Pukulan Lin Yun bagaikan mesin penggiling daging yang menghantam lengan North Point. Di bawah tatapan semua orang, lengan North Point patah.
Wajah North Point pucat pasi dan dia segera mundur. Ketika dia kembali berdiri, dia menatap Lin Yun dengan ketakutan di matanya. Bahkan para penonton lain di lelang itu pun terdiam.
Tak seorang pun bisa membayangkan bahwa North Point, seseorang di Alam Bela Diri Quasi-Mendalam, akan benar-benar menderita kerugian sebesar itu di tangan Lin Yun. Dia hanya menggunakan satu pukulan untuk mengalahkan North Point.
“Teknik kultivasi apa yang kau pelajari…?” North Point menatap Lin Yun dengan ekspresi kesakitan yang tergambar jelas di wajahnya.
Sambil mendengus, Lin Yun menjawab, “Itu bukan urusanmu. Apa kau masih perlu aku meninggalkan 10.000 butir Xiantian sekarang?”
“T-tidak. Tidak perlu begitu. Saya minta maaf atas kekasaran saya tadi,” jawab North Point.

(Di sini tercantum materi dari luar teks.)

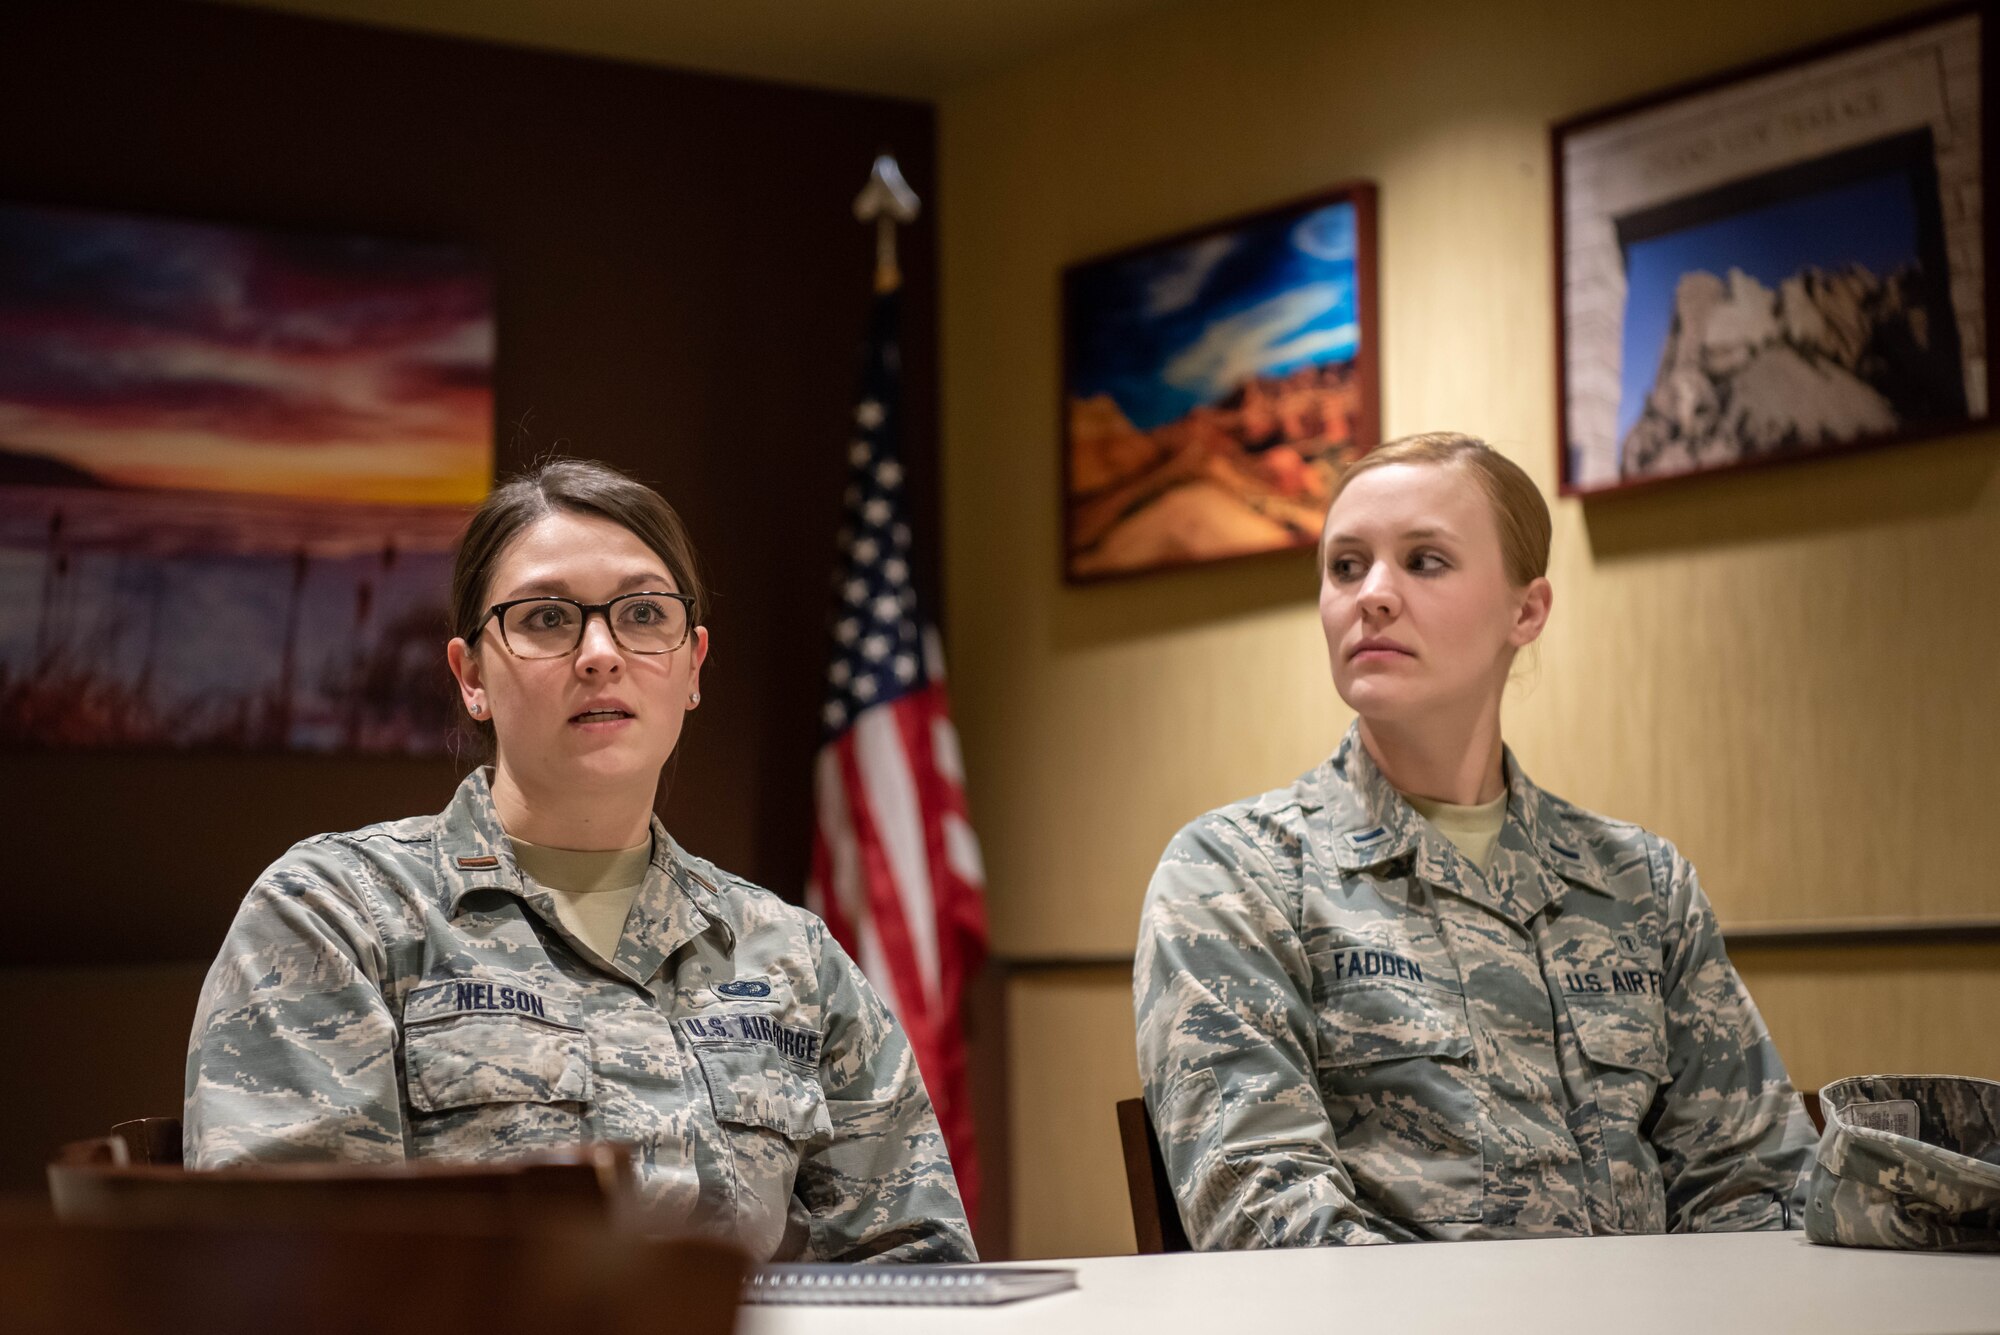 Airmen attend the inaugural 28th Bomb Wing Women’s Lean In Circle at the Raider Café conference room on Ellsworth Air Force Base, S.D., March 26, 2019. Both men and women serving on Ellsworth AFB were invited to attend to discuss and break down barriers to success and happiness that are based on gender. (U.S. Air Force photo by Tech. Sgt. Jette Carr)

Lin Yun bertanya, “Kalau begitu, bolehkah aku membawa Kuda Berdarah Naga bersamaku?”
North Point menjawab, “Tuan Lin, Anda bisa pergi kapan pun Anda mau.”
North Point ketakutan mendengar pukulan Lin Yun yang melumpuhkan lengannya. Bagaimana mungkin dia berani bersikap sombong setelah itu?